Provided information >>
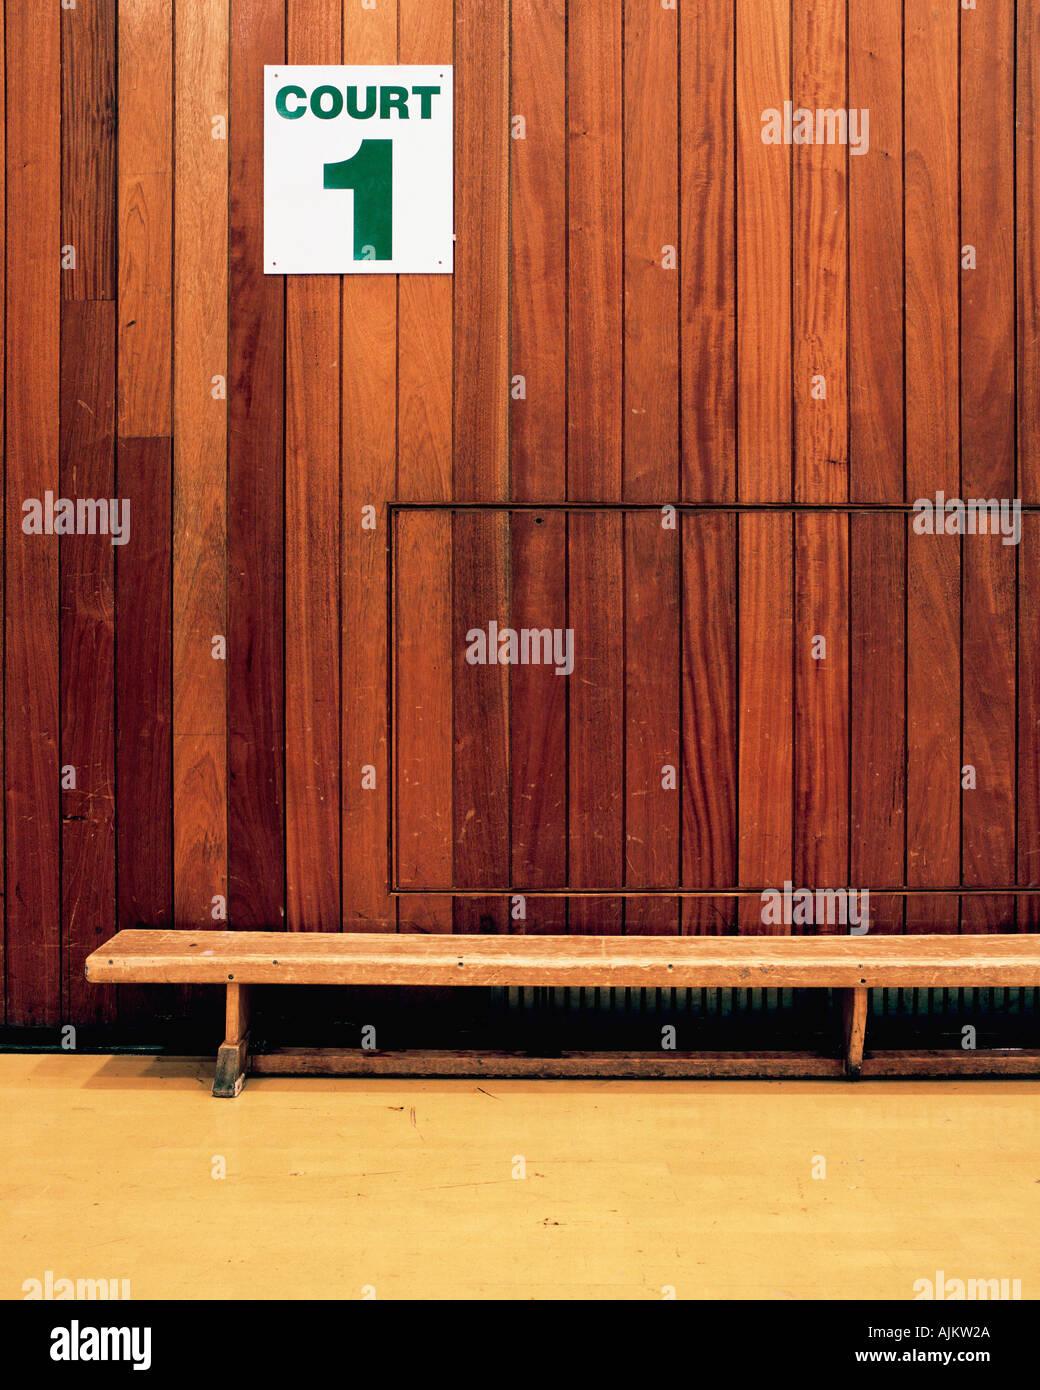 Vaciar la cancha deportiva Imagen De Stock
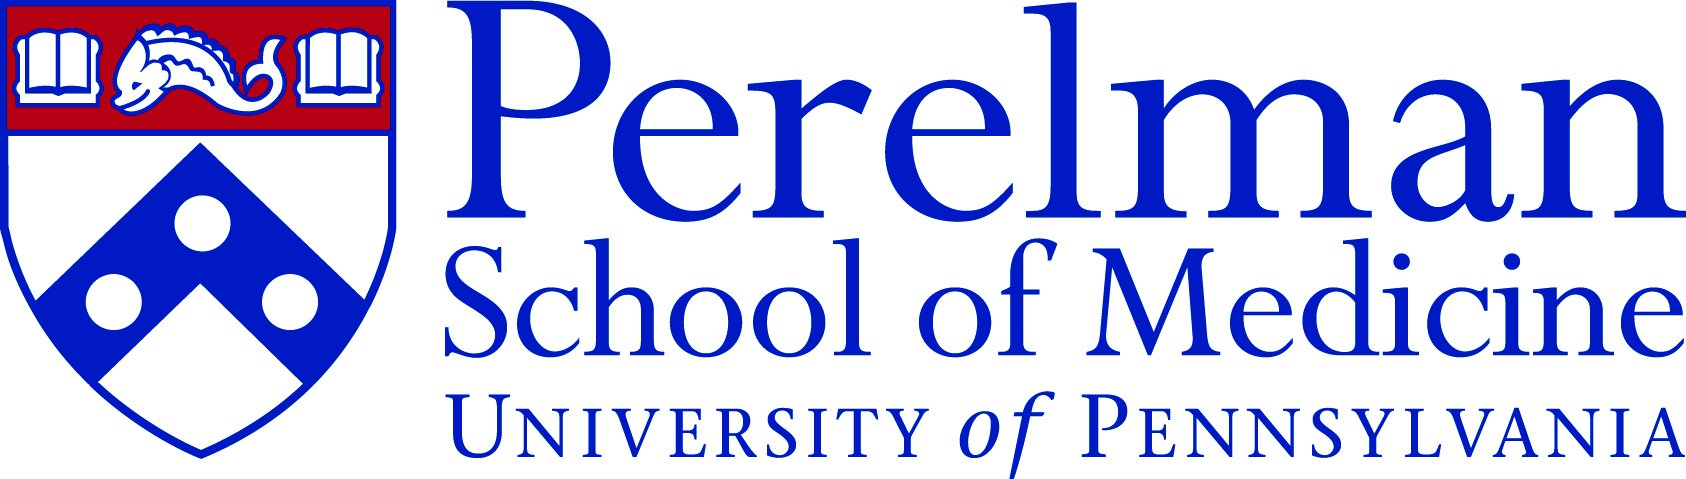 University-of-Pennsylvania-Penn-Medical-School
* * *
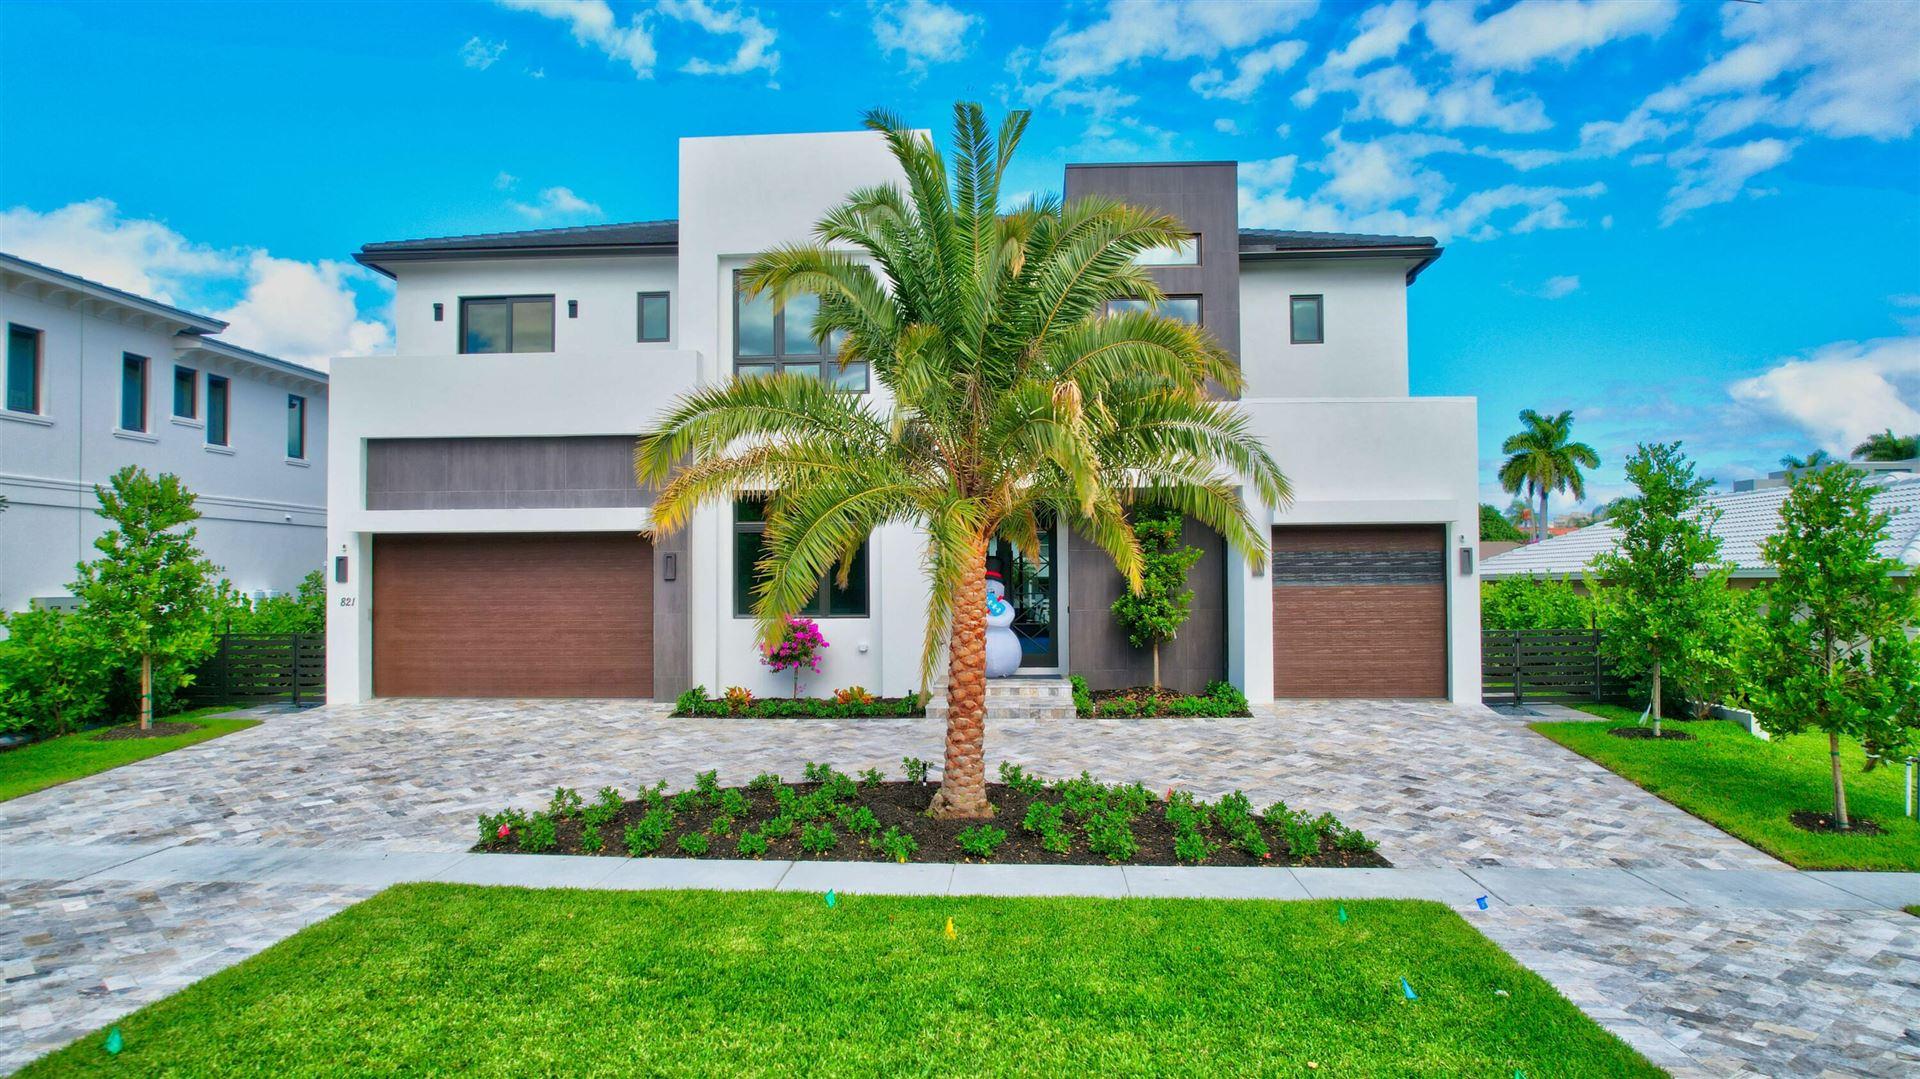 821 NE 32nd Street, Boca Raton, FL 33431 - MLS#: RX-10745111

Your assignment >>
Leaving out each picture, repeat exactly the lines above from the one that contains "Vaciar la cancha deportiva Imagen De Stock" through the one that contains "University-of-Pennsylvania-Penn-Medical-School".

Exercise solution >>
 Vaciar la cancha deportiva Imagen De Stock
 University-of-Pennsylvania-Penn-Medical-School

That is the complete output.